> [Data shown]
┄┄┄┄┄┄┄┄┄┄┄┄┄┄┄┄┄┄┄┄

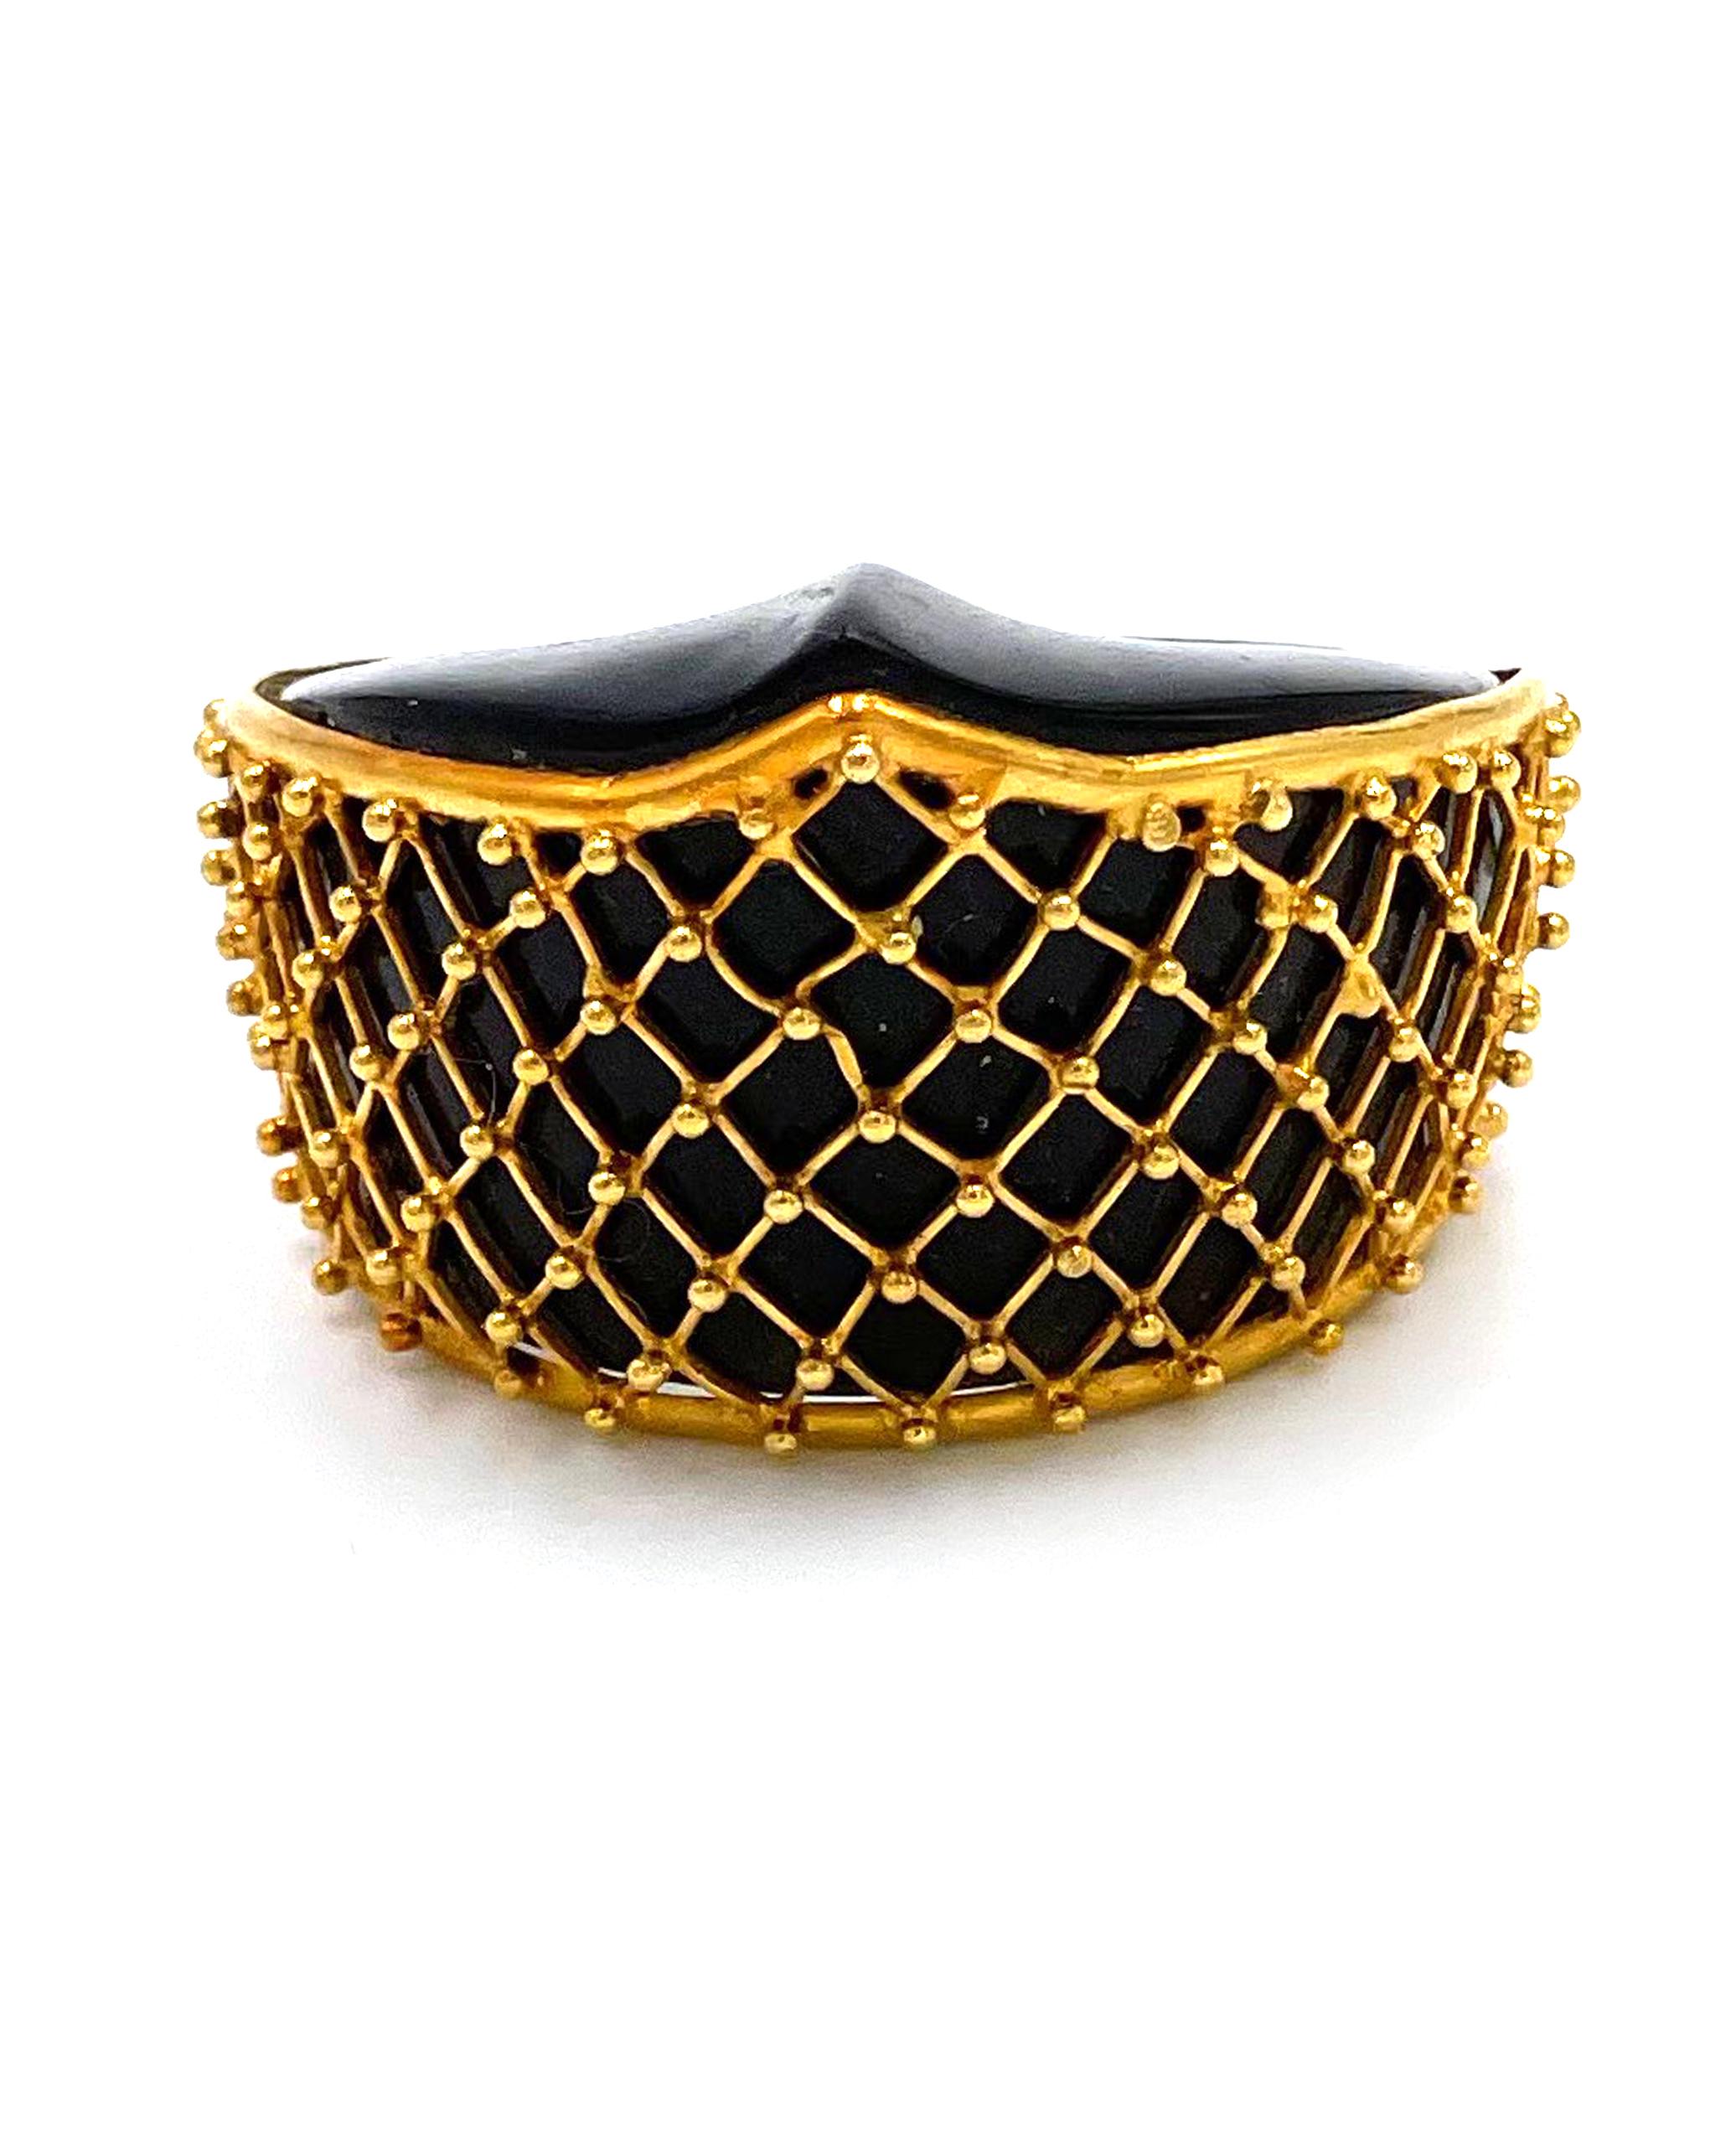 Pre owned vintage estate 18K yellow gold and black glass ring made by Ilias Lalaounis.  The peaked and tapered ring is covered on the top with a netting of 18K yellow gold.  The ring is 22.2mm at the widest point and 8.8mm at the narrowest.  

*
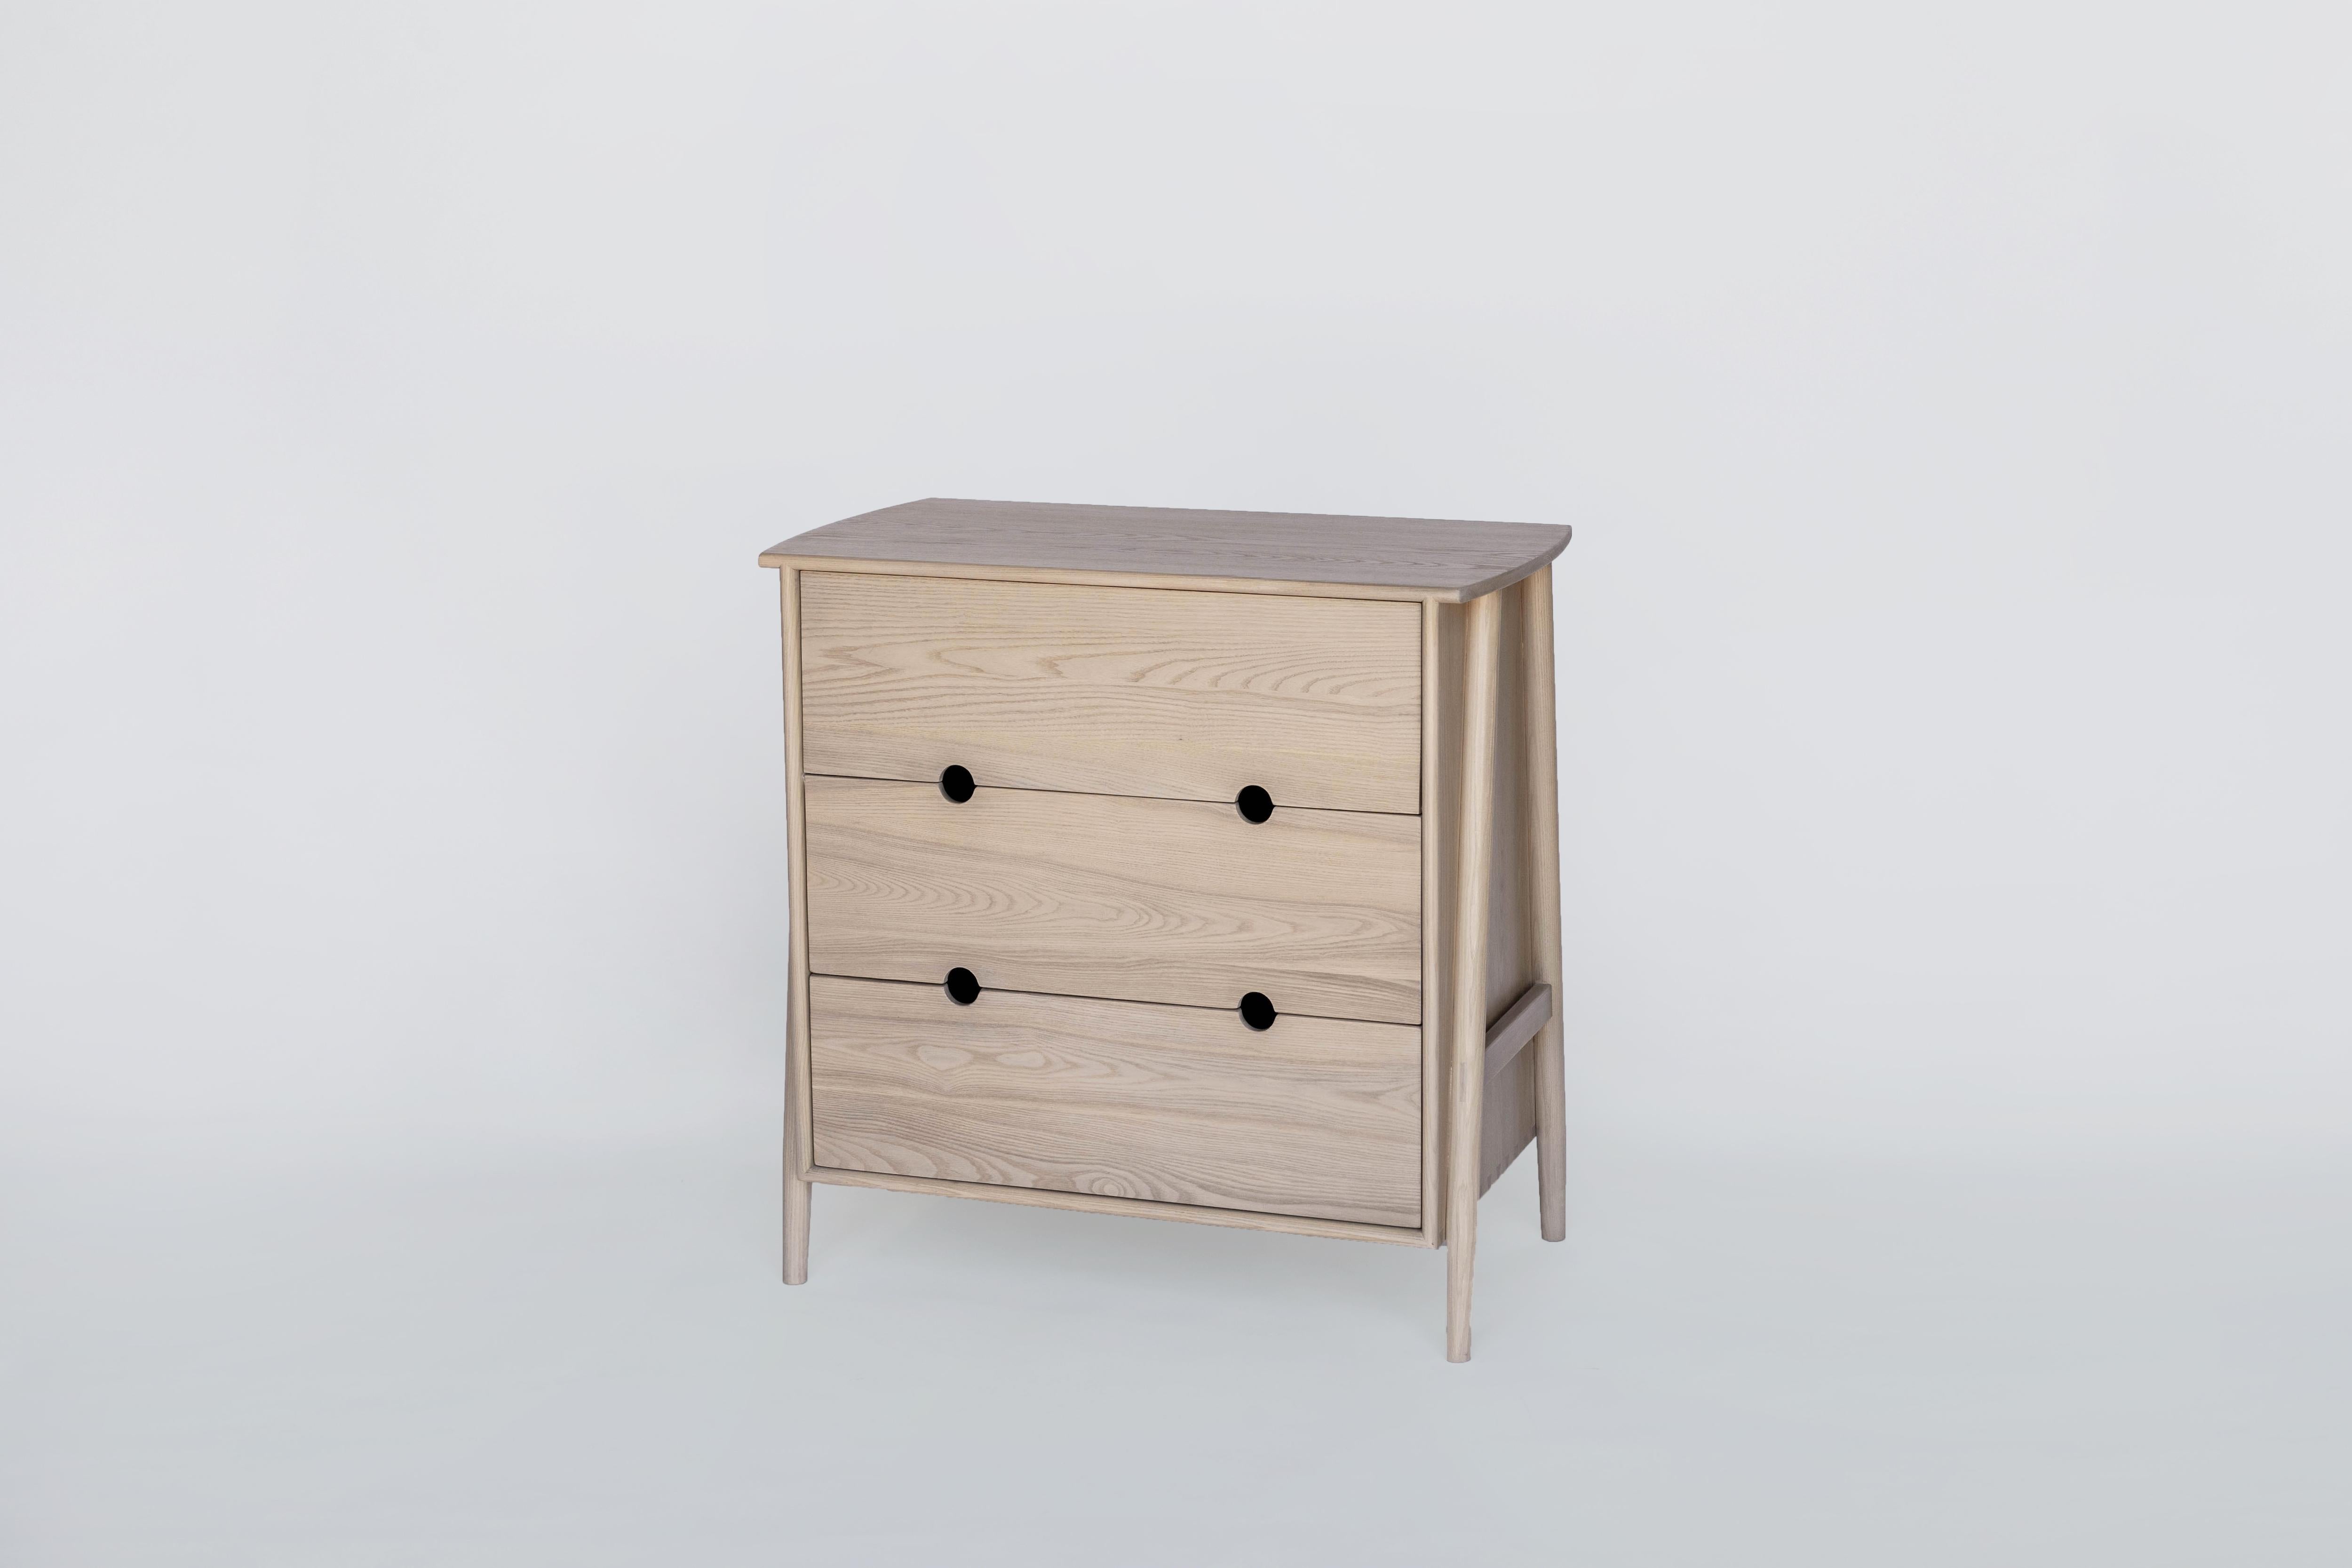 Sun at six is a contemporary furniture design studio that works with traditional Chinese joinery masters to handcraft our pieces using traditional joinery. 

Great furniture begins with quality materials: raw, sustainably sourced white oak, our

┄┄┄┄┄┄┄┄┄┄┄┄┄┄┄┄┄┄┄┄

> [The task] Copy out every line of the material above precisely, omitting the pictures.

> [Answer to the exercise]
 Pre owned vintage estate 18K yellow gold and black glass ring made by Ilias Lalaounis.  The peaked and tapered ring is covered on the top with a netting of 18K yellow gold.  The ring is 22.2mm at the widest point and 8.8mm at the narrowest.  

*
 Sun at six is a contemporary furniture design studio that works with traditional Chinese joinery masters to handcraft our pieces using traditional joinery. 

Great furniture begins with quality materials: raw, sustainably sourced white oak, our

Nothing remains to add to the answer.